• _Task brief_
Print out the data that follows exactly, character for character, apart from the pictures.

• _Input data_
· · · ·
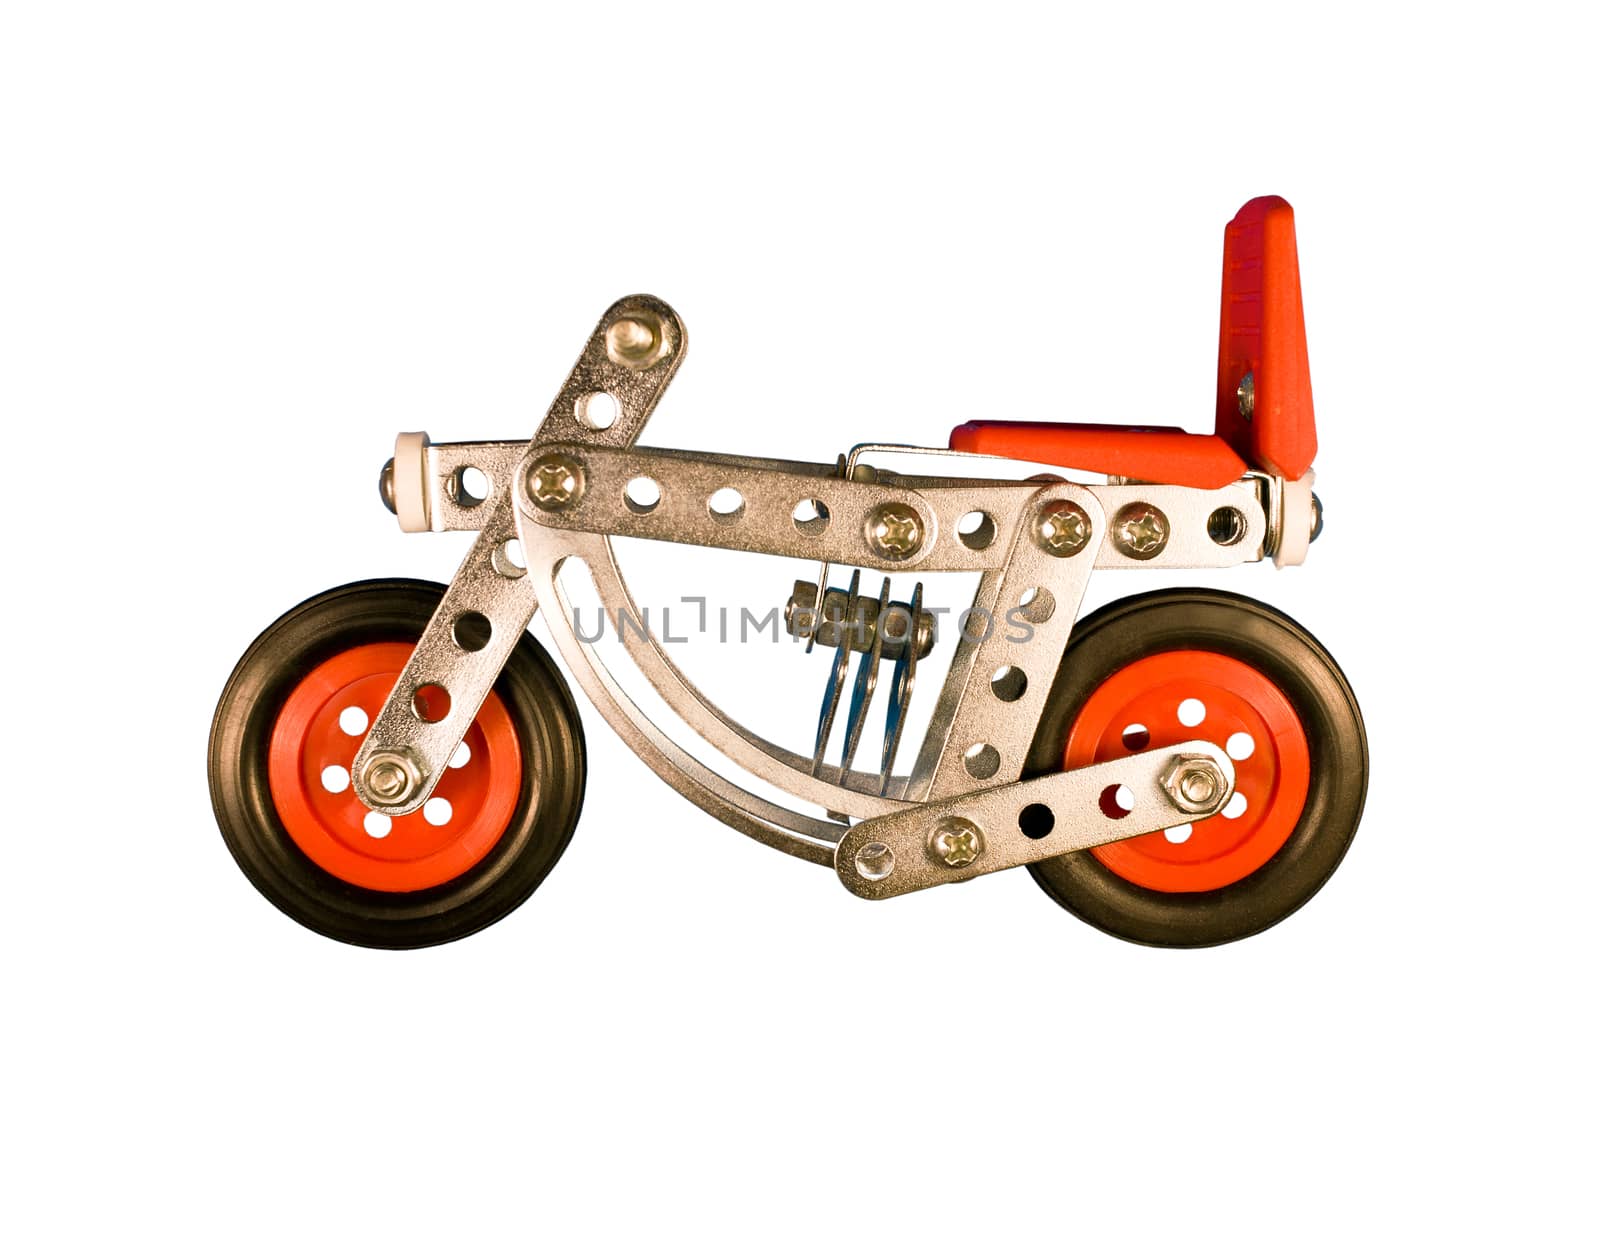 A toy - a two-wheeled motorcycle assembled from metal parts, isolated on white background
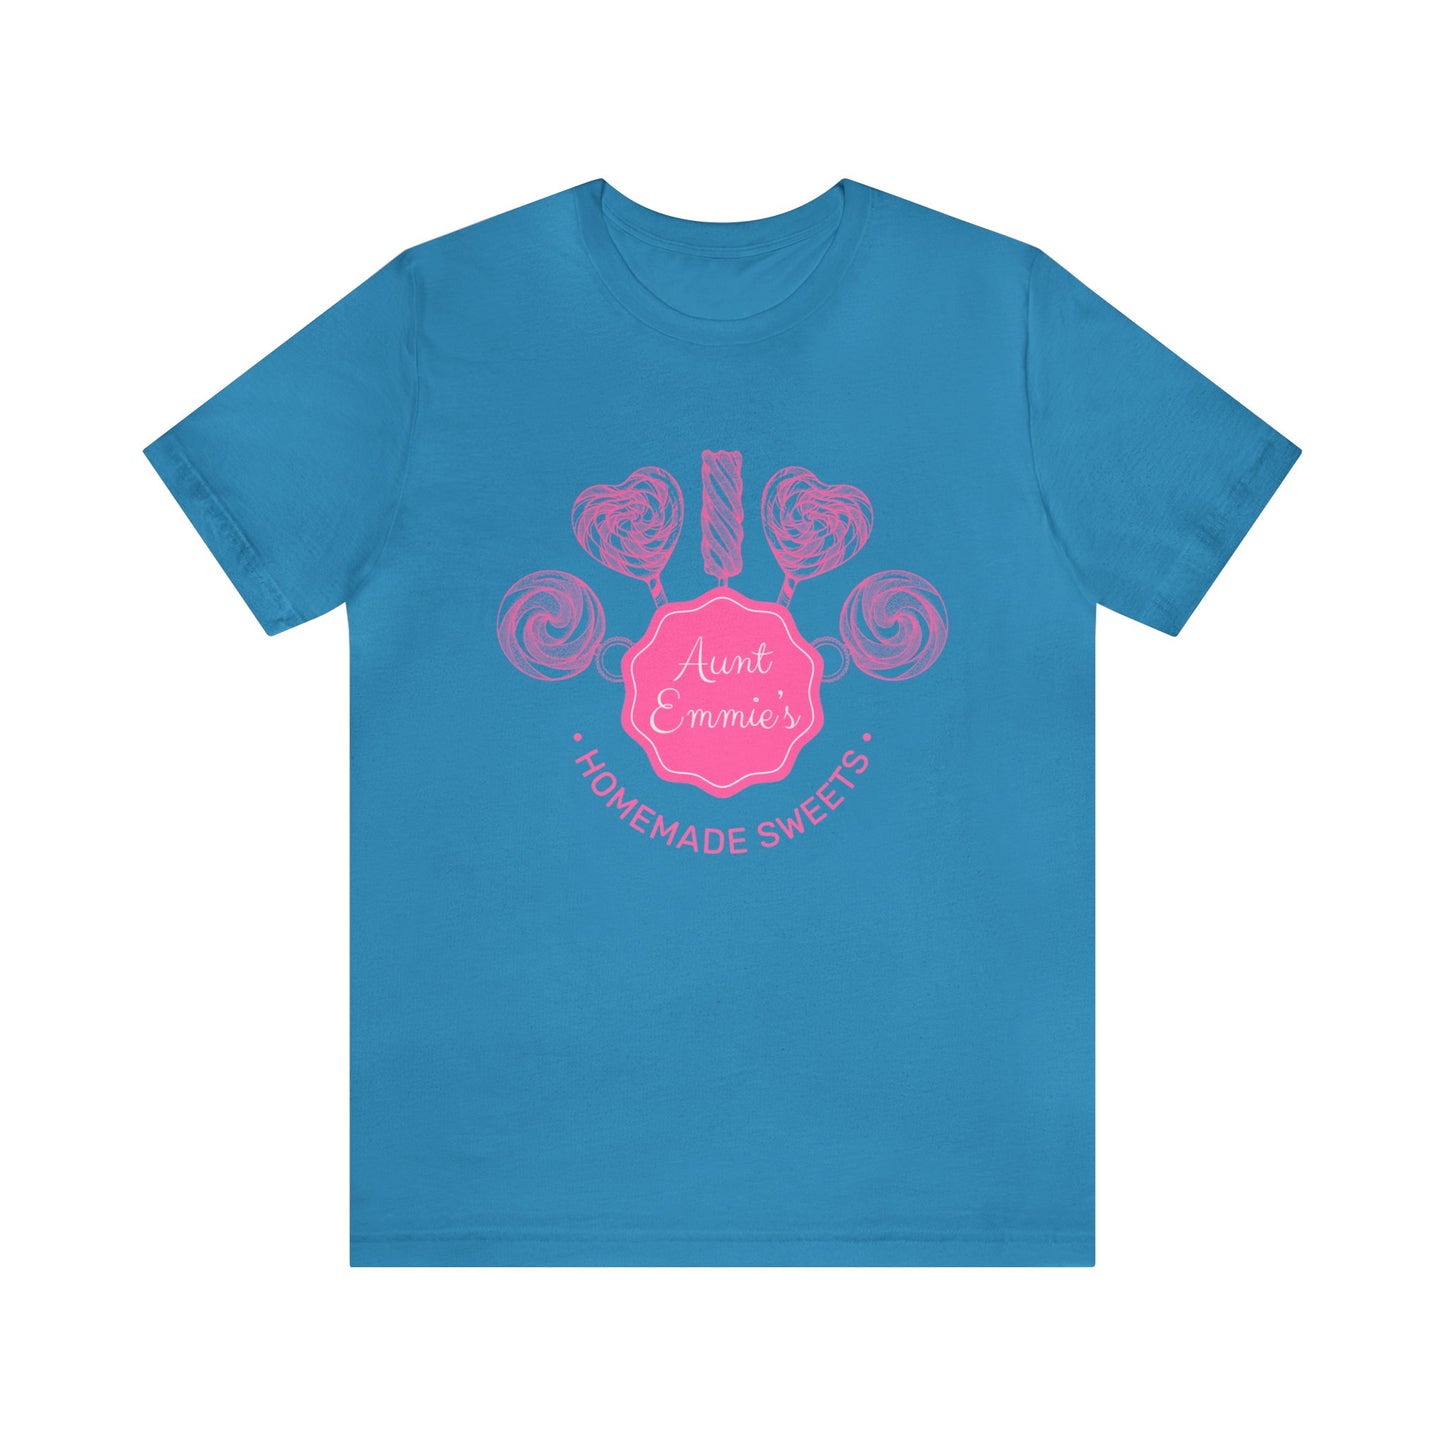 Aunt Emmie's Sweets, Jersey Short Sleeve Tee
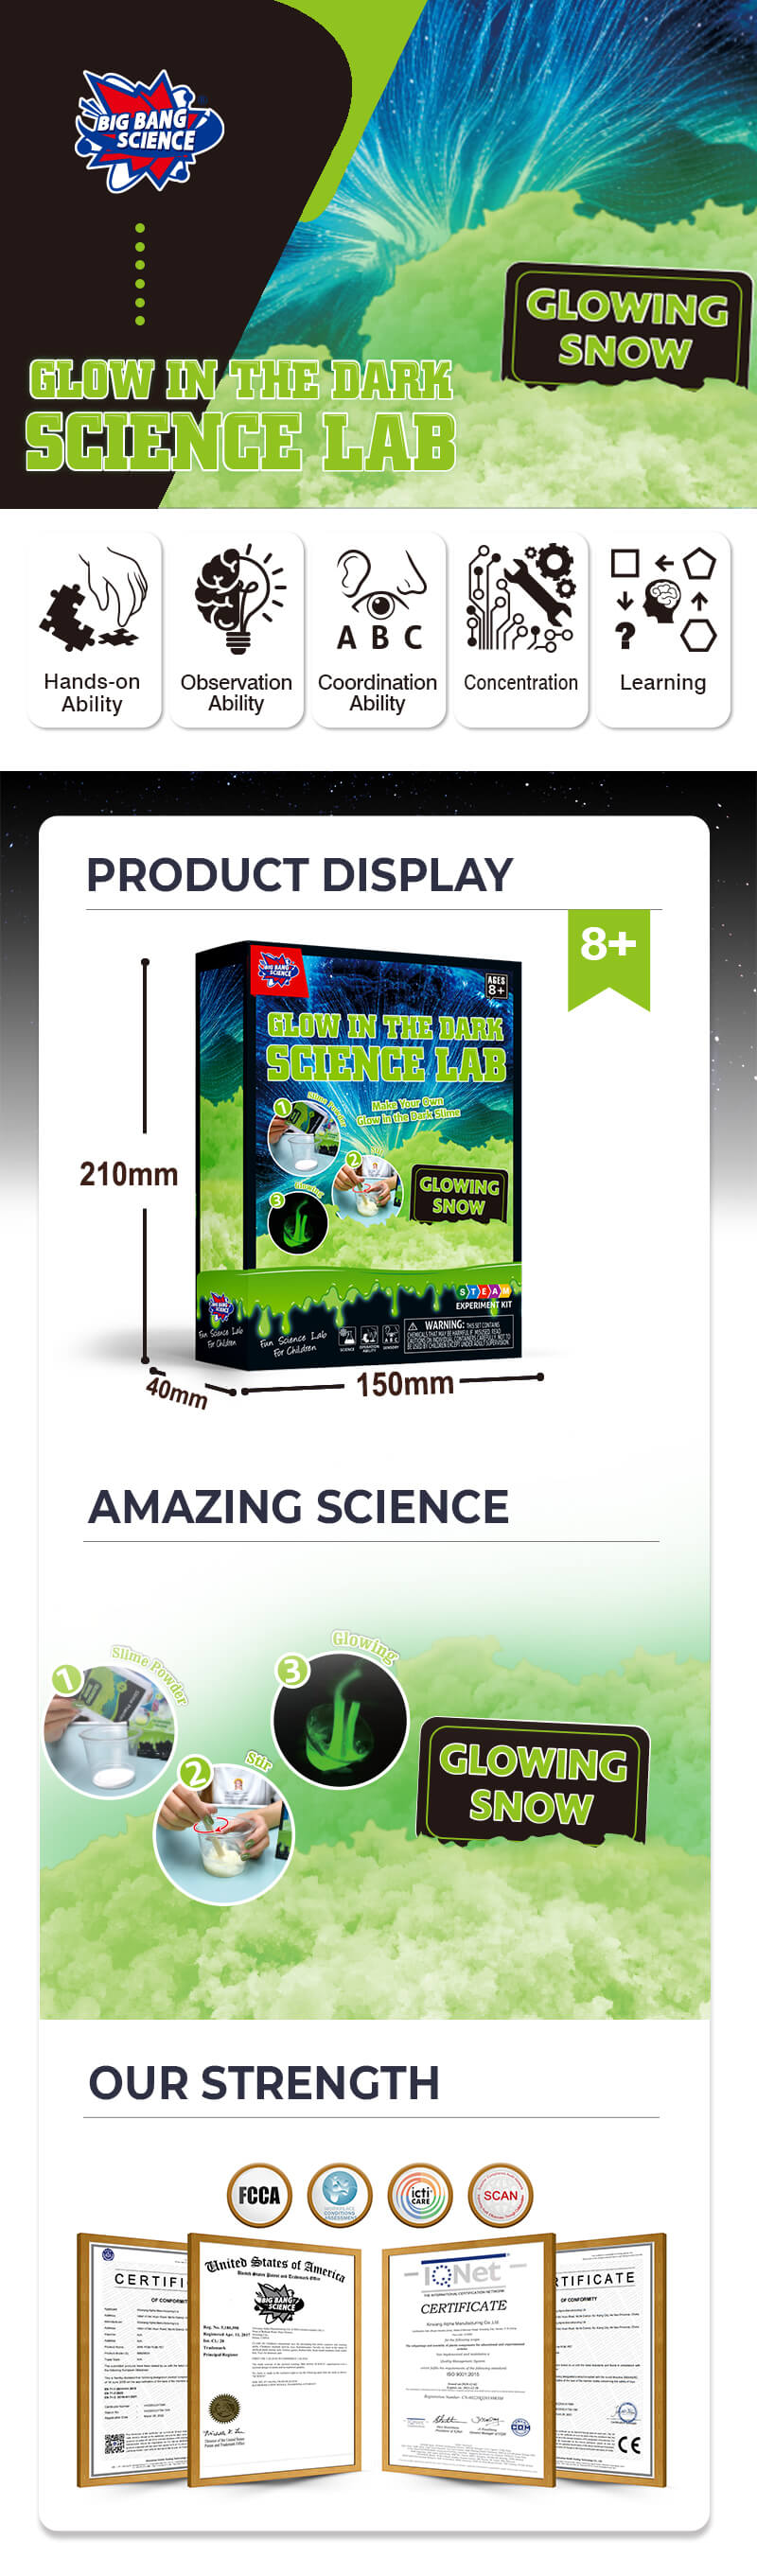 Glow-In-The-Dark-Science-Lab--New-Arrivals-Product-details-chart
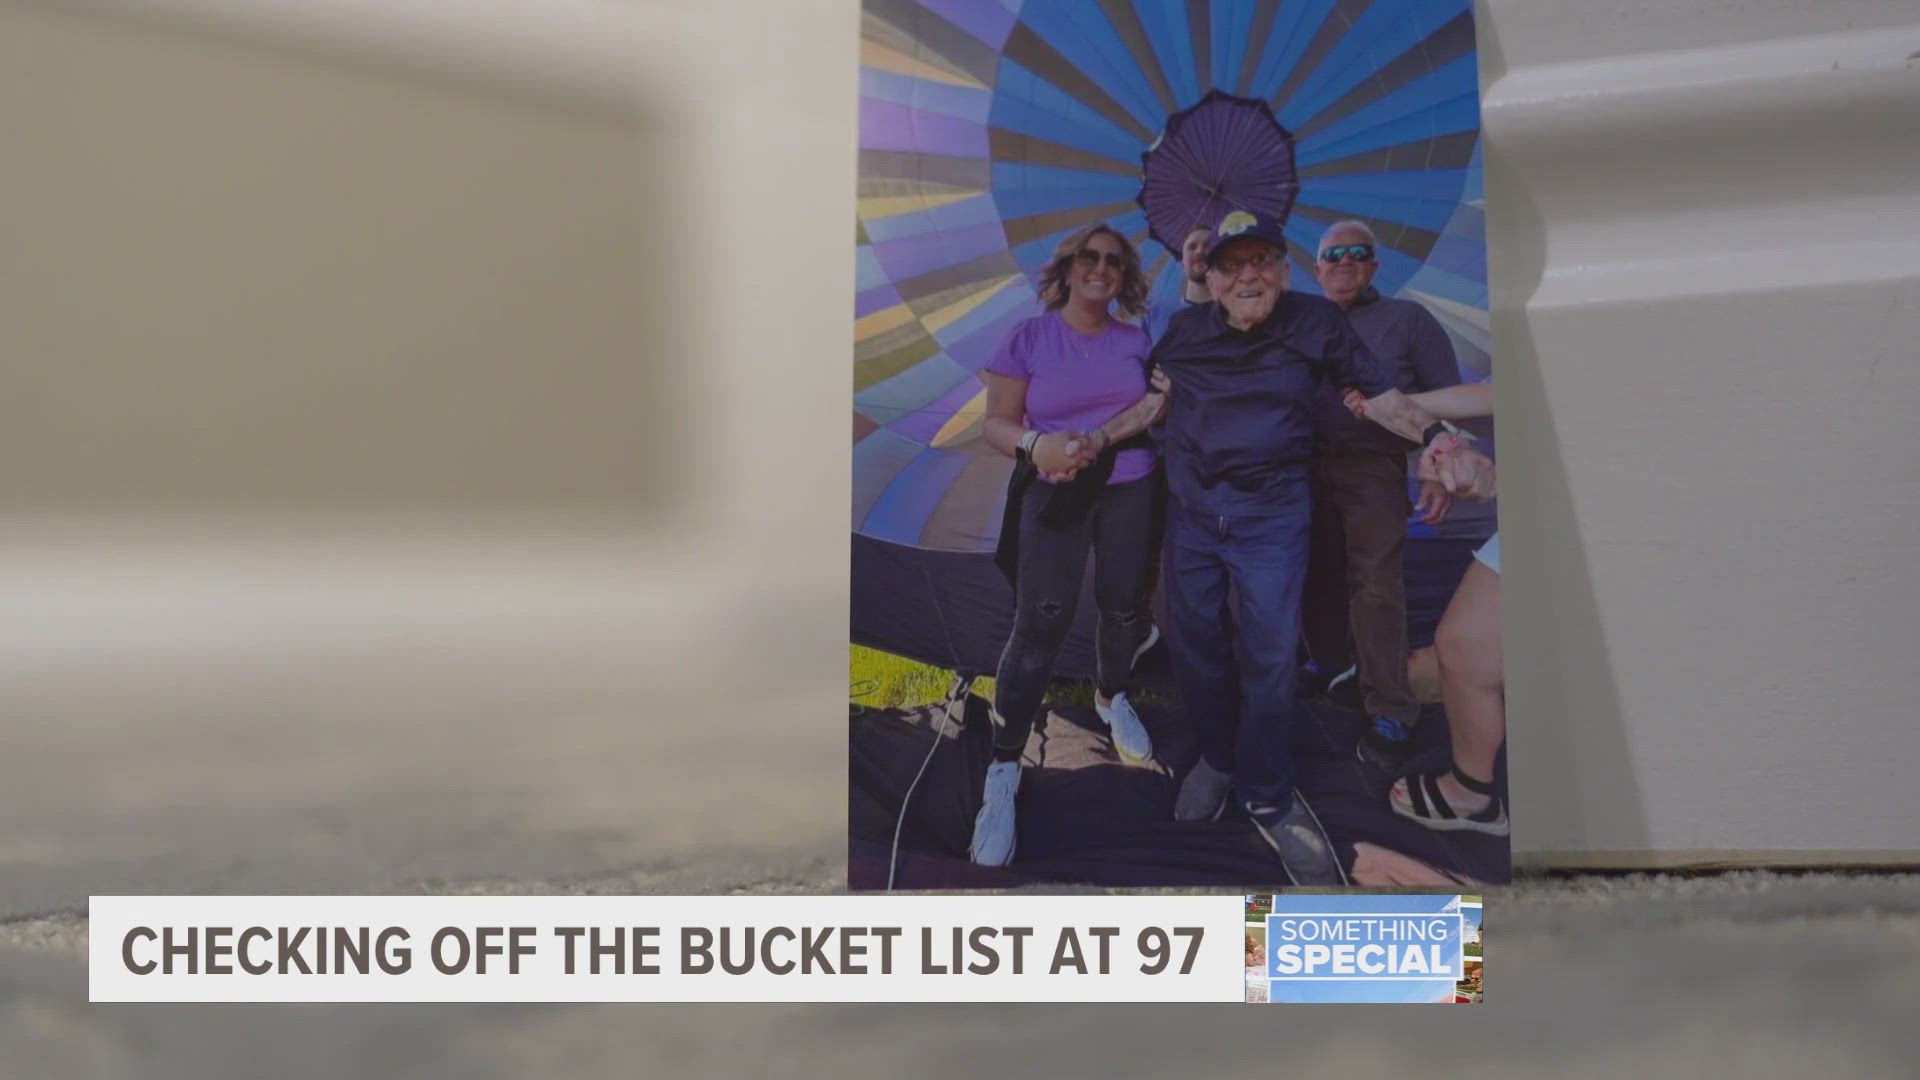 Losing someone you love puts life into perspective. For one man in a senior living home, it’s giving him a new mission – checking off his bucket list at 97.
· · · ·
• _Task response_
 A toy - a two-wheeled motorcycle assembled from metal parts, isolated on white background
 Aunt Emmie's Sweets, Jersey Short Sleeve Tee
 Glow-In-The-Dark-Science-Lab--New-Arrivals-Product-details-chart
 Losing someone you love puts life into perspective. For one man in a senior living home, it’s giving him a new mission – checking off his bucket list at 97.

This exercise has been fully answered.